# ASSIGNMENT
Take the entries below and print only the lines from the one with "View of the terrain from Nandi hills" through the one with "The Spatial Genetic", exactly as they stand, both ends included.

BEGIN DATA RECORDS

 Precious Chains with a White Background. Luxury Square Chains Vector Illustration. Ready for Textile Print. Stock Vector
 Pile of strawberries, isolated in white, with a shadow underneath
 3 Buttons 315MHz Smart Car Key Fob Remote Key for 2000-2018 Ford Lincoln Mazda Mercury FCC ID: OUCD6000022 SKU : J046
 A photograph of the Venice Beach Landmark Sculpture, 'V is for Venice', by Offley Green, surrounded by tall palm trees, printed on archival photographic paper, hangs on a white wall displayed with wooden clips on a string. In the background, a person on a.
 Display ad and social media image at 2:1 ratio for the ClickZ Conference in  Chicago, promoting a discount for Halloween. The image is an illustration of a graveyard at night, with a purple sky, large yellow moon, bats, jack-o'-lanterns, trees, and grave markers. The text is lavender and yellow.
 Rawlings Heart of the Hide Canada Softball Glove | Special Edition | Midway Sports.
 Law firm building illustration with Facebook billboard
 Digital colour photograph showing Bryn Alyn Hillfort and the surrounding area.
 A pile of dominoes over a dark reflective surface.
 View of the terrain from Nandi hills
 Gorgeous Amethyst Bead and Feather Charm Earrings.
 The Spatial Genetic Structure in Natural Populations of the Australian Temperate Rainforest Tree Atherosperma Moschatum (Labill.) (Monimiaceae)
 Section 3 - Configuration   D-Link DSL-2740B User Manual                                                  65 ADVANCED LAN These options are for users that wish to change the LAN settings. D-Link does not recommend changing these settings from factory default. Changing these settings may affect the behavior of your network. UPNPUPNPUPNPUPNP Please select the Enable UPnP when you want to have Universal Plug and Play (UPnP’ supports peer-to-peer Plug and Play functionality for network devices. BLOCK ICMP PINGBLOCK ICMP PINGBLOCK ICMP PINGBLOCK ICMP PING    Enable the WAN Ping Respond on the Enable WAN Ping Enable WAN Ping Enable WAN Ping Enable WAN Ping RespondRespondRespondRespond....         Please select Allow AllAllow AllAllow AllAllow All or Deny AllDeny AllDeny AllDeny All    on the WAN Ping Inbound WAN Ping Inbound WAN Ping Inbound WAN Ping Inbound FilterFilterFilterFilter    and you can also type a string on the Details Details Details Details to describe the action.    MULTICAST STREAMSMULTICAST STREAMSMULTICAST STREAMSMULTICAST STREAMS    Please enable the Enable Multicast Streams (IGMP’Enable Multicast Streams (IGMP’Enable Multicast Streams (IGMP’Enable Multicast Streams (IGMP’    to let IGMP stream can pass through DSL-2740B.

END DATA RECORDS

# RESULT FOR THIS TASK
 View of the terrain from Nandi hills
 Gorgeous Amethyst Bead and Feather Charm Earrings.
 The Spatial Genetic Structure in Natural Populations of the Australian Temperate Rainforest Tree Atherosperma Moschatum (Labill.) (Monimiaceae)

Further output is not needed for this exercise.